IL ROMANZO DEL MAGISTRATO
Questa pubblicazione a puntate scioglie un destino. E’ il primo romanzo che ho scritto, il romanzo che chi mi conosce aspetta che sia pubblicato perché – pare – la trama piace. Il romanzo finora bloccato: qualcosa si mette sempre in mezzo. E’ ora che queste parole escano e si lascino leggere.
Quando esiste un blocco, Luce ed Energia lo forzano e dissolvono le ostruzioni. Uso quindi Luce ed Energia e dono “il romanzo del magistrato” a puntate ai miei lettori in Sdiario.
E il blocco si scioglie, voilà.
Capitolo 31
Raccoglievano bicchieri e piatti di carta dal bordo della piscina, lanciavano i rifiuti in un sacco nero.

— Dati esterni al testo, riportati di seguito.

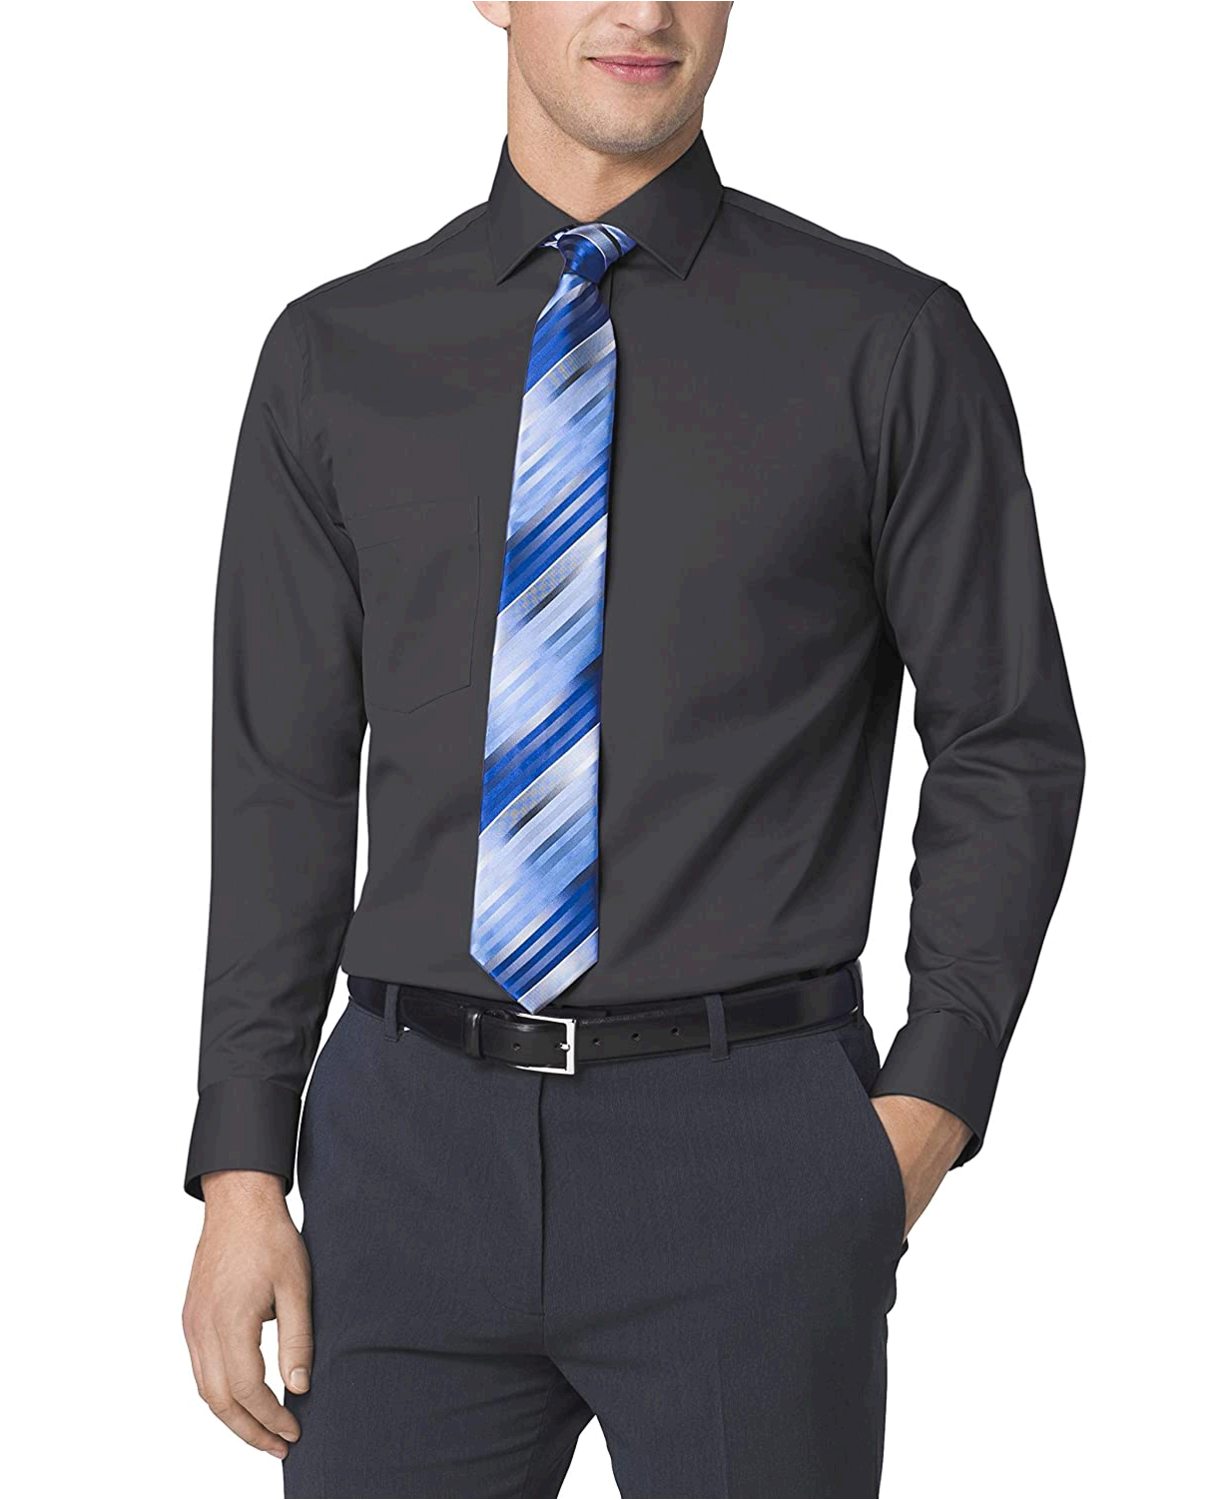 Men's FIT Dress Shirts Flex, Charcoal, Size 20

– Guarda quanto hanno mangiato quei bambini! Sai quante erano le torte?
– Solo i bambini, Giuliano? Anche tu ti sei dato da fare. Le tre fette di torta alla frutta che hai fatto sparire non sono passate inosservate, credimi.
– Tre? Esagerata, erano fette piccole. Da bambini. Che male vuoi che faccia la torta alla frutta, è tutta frutta con un po’ di zucchero. E poi ho smaltito in piscina, ti sembro grasso?

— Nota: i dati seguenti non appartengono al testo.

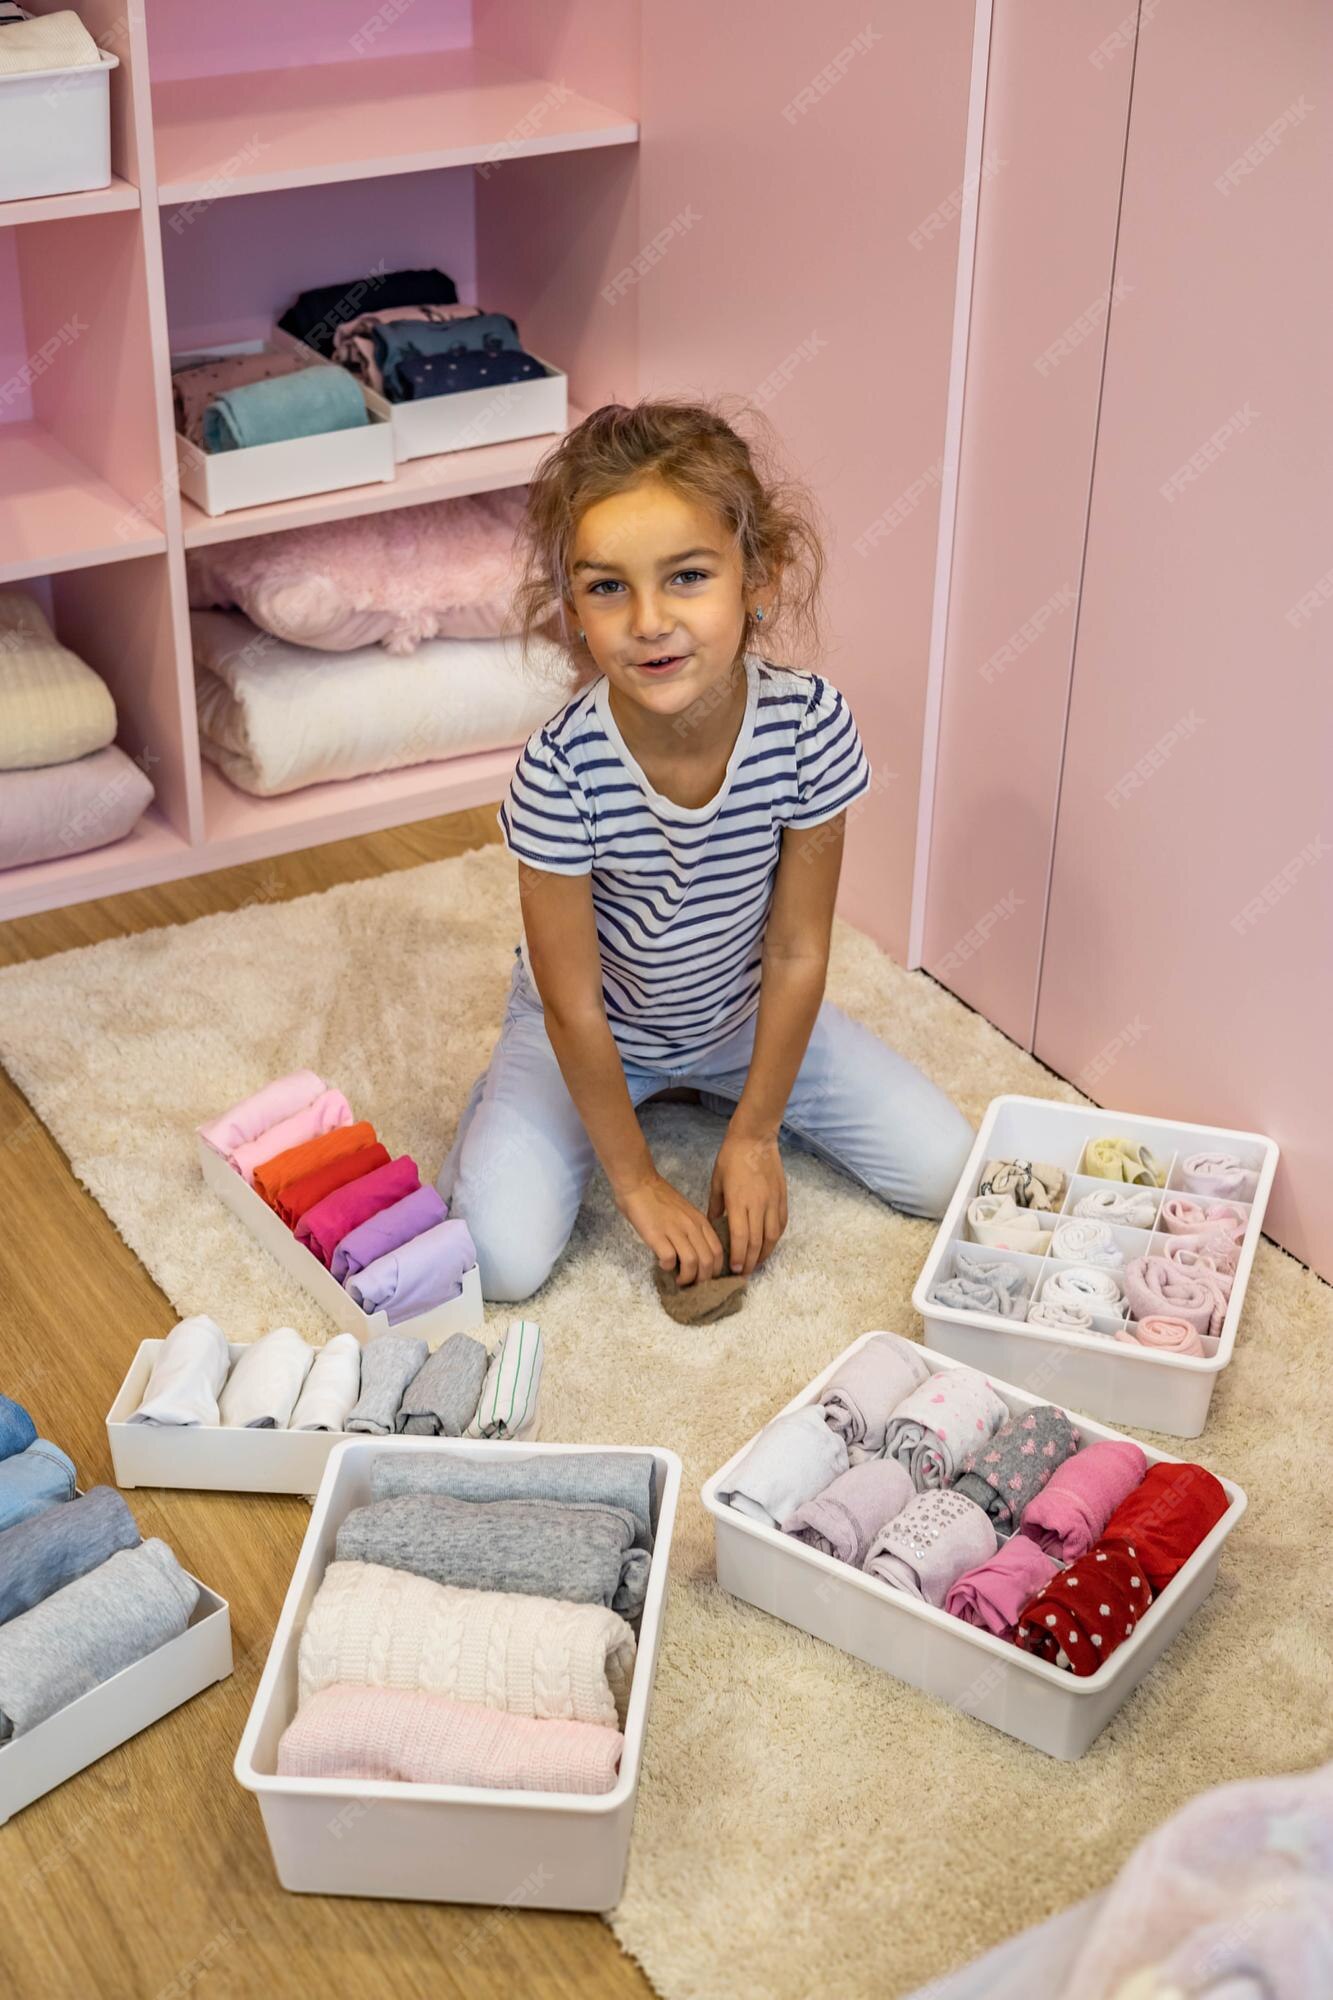 La niña feliz enrolla cuidadosamente la ropa interior y calcetines en una caja de plástico método marie kondo | Foto Premium

– Non sei grasso, ma un po’ di pancia si vede.
– Pancia? Ma dove? Non ti piaccio?
Pizzicò con le dita l’addome e i fianchi.
– Credi davvero che sia ingrassato?
– Non so, le tue donne cosa dicono?
– Ormai ne ho solo una che mi sta facendo morire d’amore. Dimmelo tu, cosa dicono le mie donne?
Arrossì: non si era aspettata che rilanciasse così. Non riconosceva l’iperbole di gesti e parole che aveva riempito la giornata, evidente e priva di cautela. Il suo controllo, qualche volta simile alla freddezza, evaporava in una passione che le ricordava Riccardo: eppure nel passato erano sembrati diversi e distinti, quasi opposti.
– Dico che stai bene. Sei bello, e la pancia se anche c’è mi piace.
– Bene. Questo mi basta. E tu, non muori d’amore?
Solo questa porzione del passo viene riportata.